The arguments forwarded by the anti-AV brigade are largely flawed and self-defeating. Mehdi Hasan produced a terrific critique in the latest New Statesman:
The Alternative Vote isn't a foreign system. From trade unions to workplace committees, professional societies to student groups, millions of Britons already have experience of voting under AV. It doesn't require expensive voting machines, or cost £250m ... AV isn't a "confusing system" (David Cameron) or "fiendishly complicated" (Daily Mail). If the Australians can manage to rank candidates in a 1-2-3 order, so can we. AV doesn't automatically result in hung parliaments: over the past 100 years, Australia has had fewer hung parliaments under AV than the UK has had under FPTP. Meanwhile, Canada, despite using FPTP, has been beset by hung parliaments in recent years.The arguments forwarded by the No to AV campaign are largely uninspiring because they are extolled by reactionary and conservative Westminster traditionalists. Arguments of complication and cost are largely irrelevant in terms of electoral reform and we should strive for a genuinely proportional system whatever the intellectual or financial cost. However AV is not a proportional system and – whatever the outcome of the referendum – it will delay moves to proportional representation. Furthermore – and by far the most compelling argument against AV – it will further entrench a centripetal party system which is becoming increasingly bland, centralised and uninspiring.
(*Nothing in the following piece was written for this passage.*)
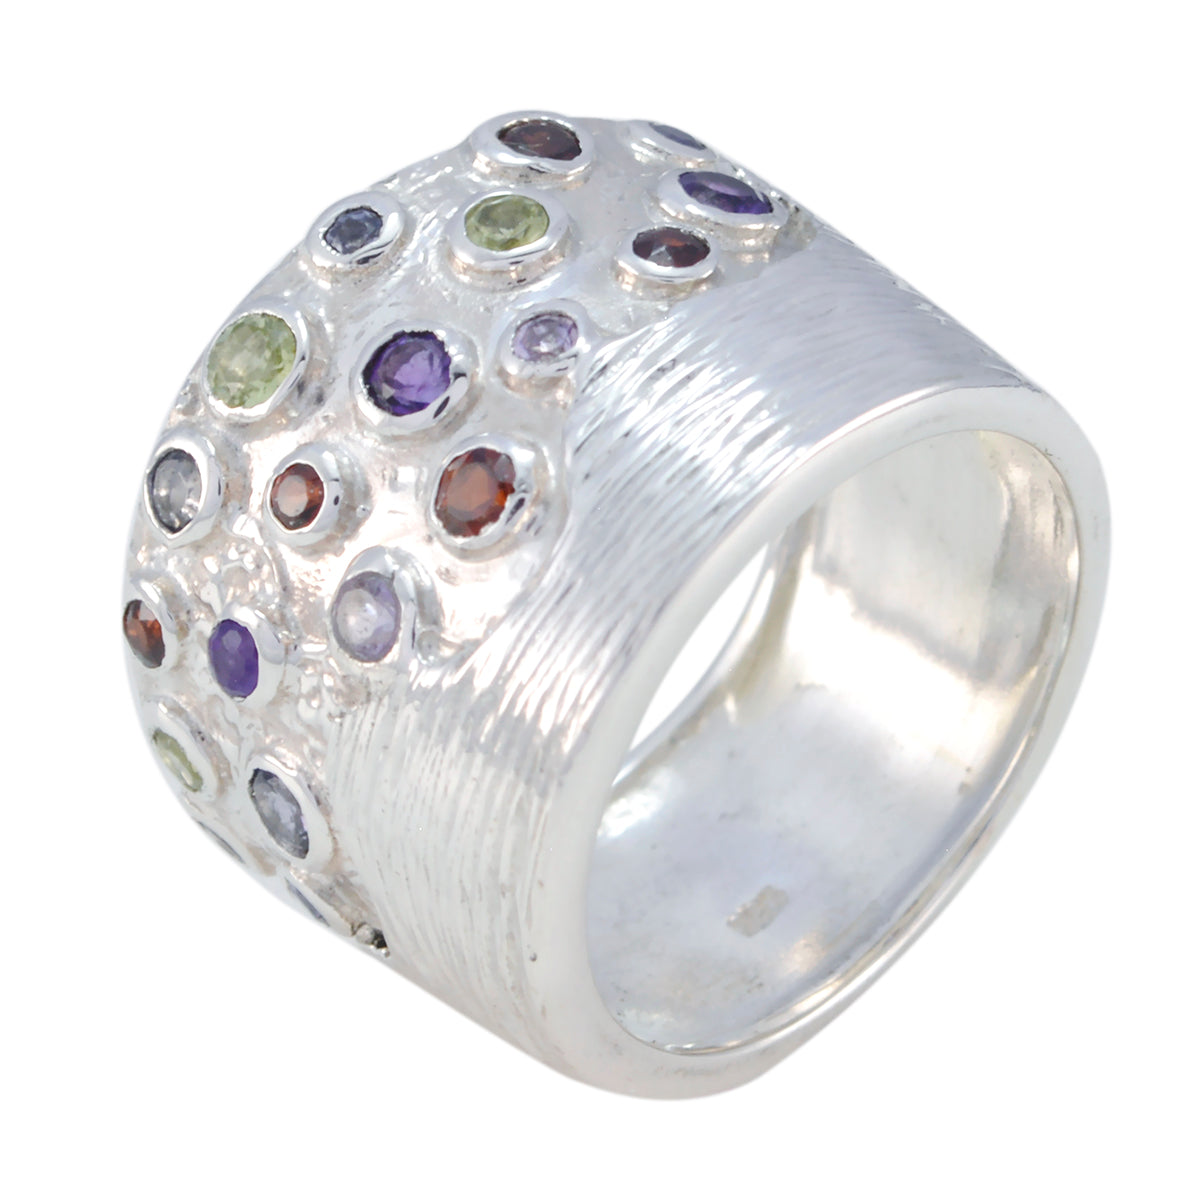 Handcrafted Gemstones Multi Stone Solid Silver Rings Bedazzled Jewelry
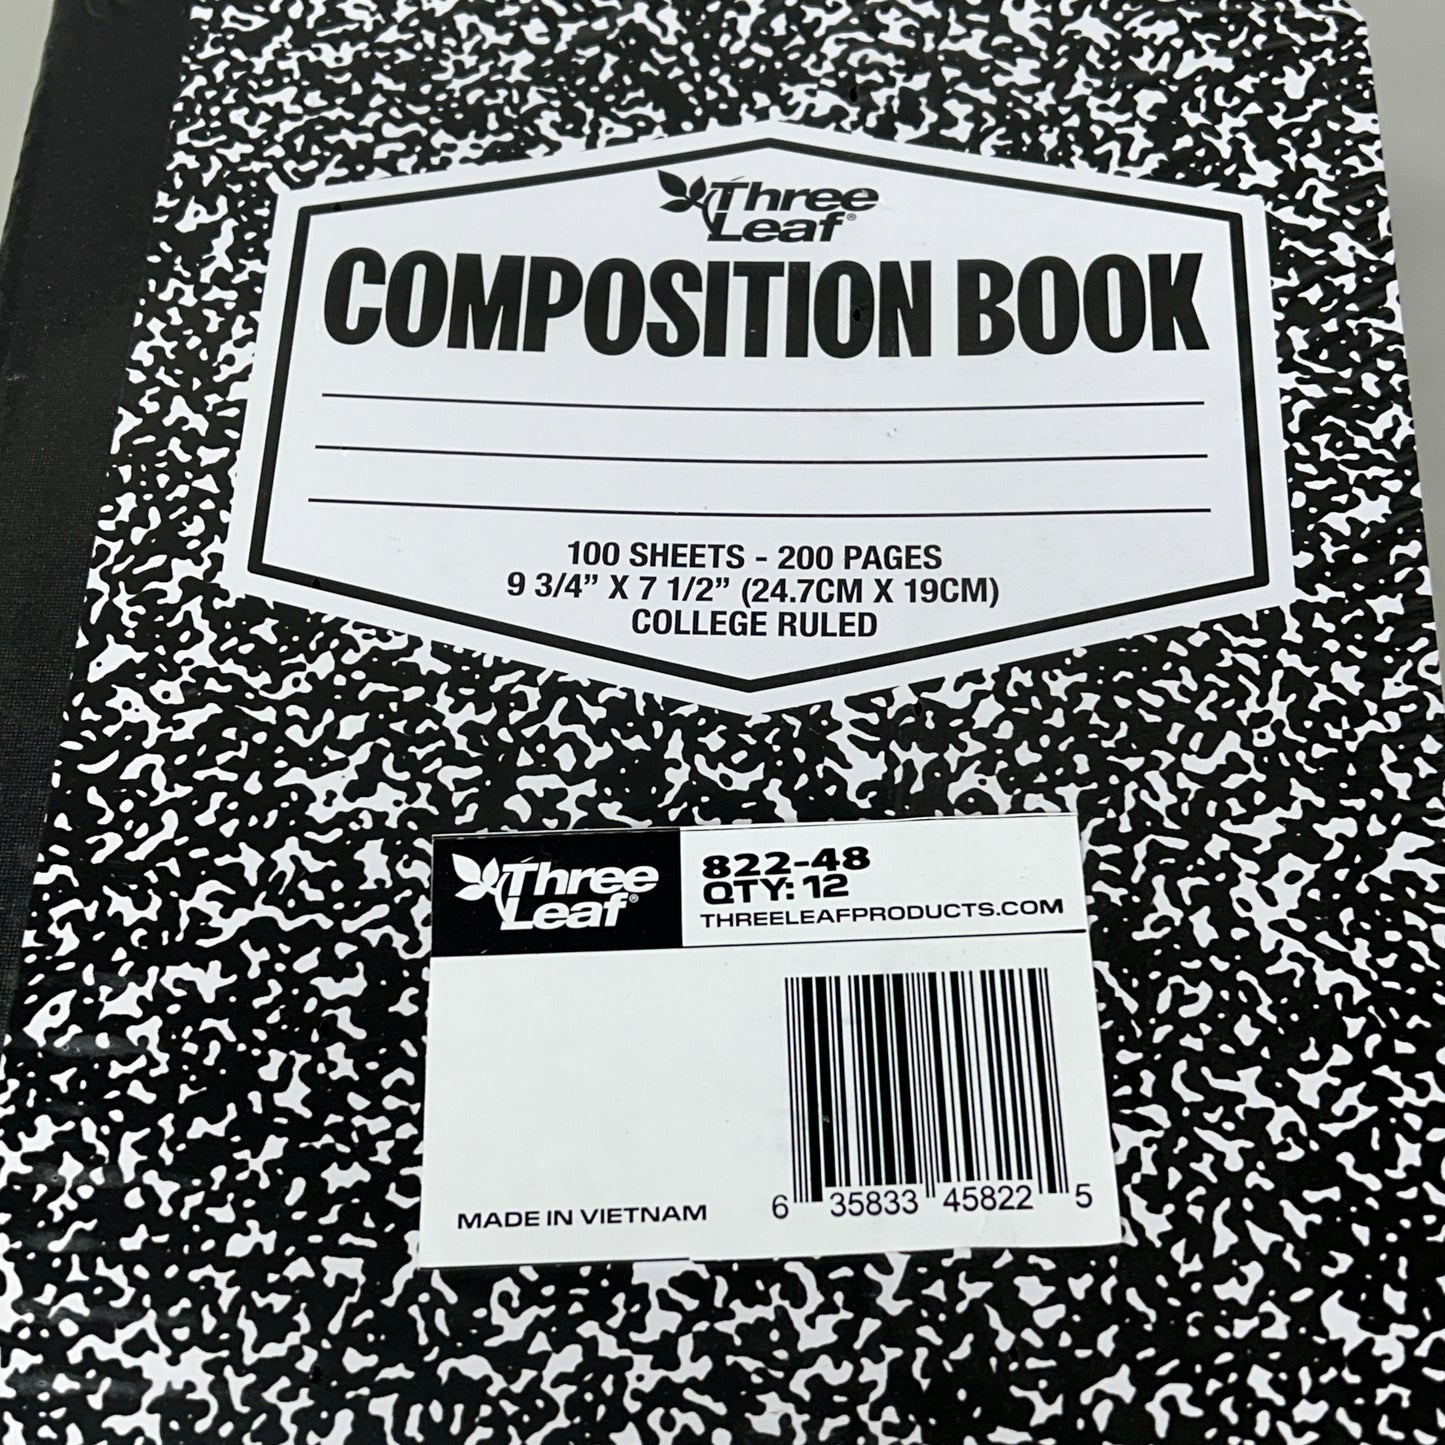 THREE LEAF 48-PK! Composition Book College Ruled 100 Sheets 9-3/4" x 7-1/2" (New)

The key argument against AV is that – far from increasing choice – AV acts to eliminate differences between parties and, therefore, reduces choice. Parties are forced to compete for second preference votes and this, inevitably, blunts radicalism and forces parties to compete for the centre ground. The coalition has forced the shift of the political playground to the right and, as a result, Labour will have to further reconfigure their policies in line with market forces in order to win second preference votes from Tories and Lib Dems. For this reason – and to ensure Labour doesn't slip further to the right – the Alternative Vote should be opposed by socialists and progressives and we should champion a genuinely proportional system.
AV is not about increasing representation or democratisation, it is about ensuring the supremacy of liberal individualism and marketisation. We stand at a political crossroads: the expenses scandal – coupled with the Lib Dems' public sacrifice of manifesto commitments – has eroded people's faith in government; the organised labour movement – facing an unprecedented assault on public services – is reawakening from its slumber to lead the fightback. It is hoped that AV will be a political apathy panacea but, in the long term, by encouraging the convergence of party politics, the erosion of public support in government will be even greater.
Prior to the General Election, Nick Clegg described the Alternative Vote as "a miserable little compromise" (NB: he may have been describing himself). It pains me to say it but, with regards to that quote, I agree with Nick.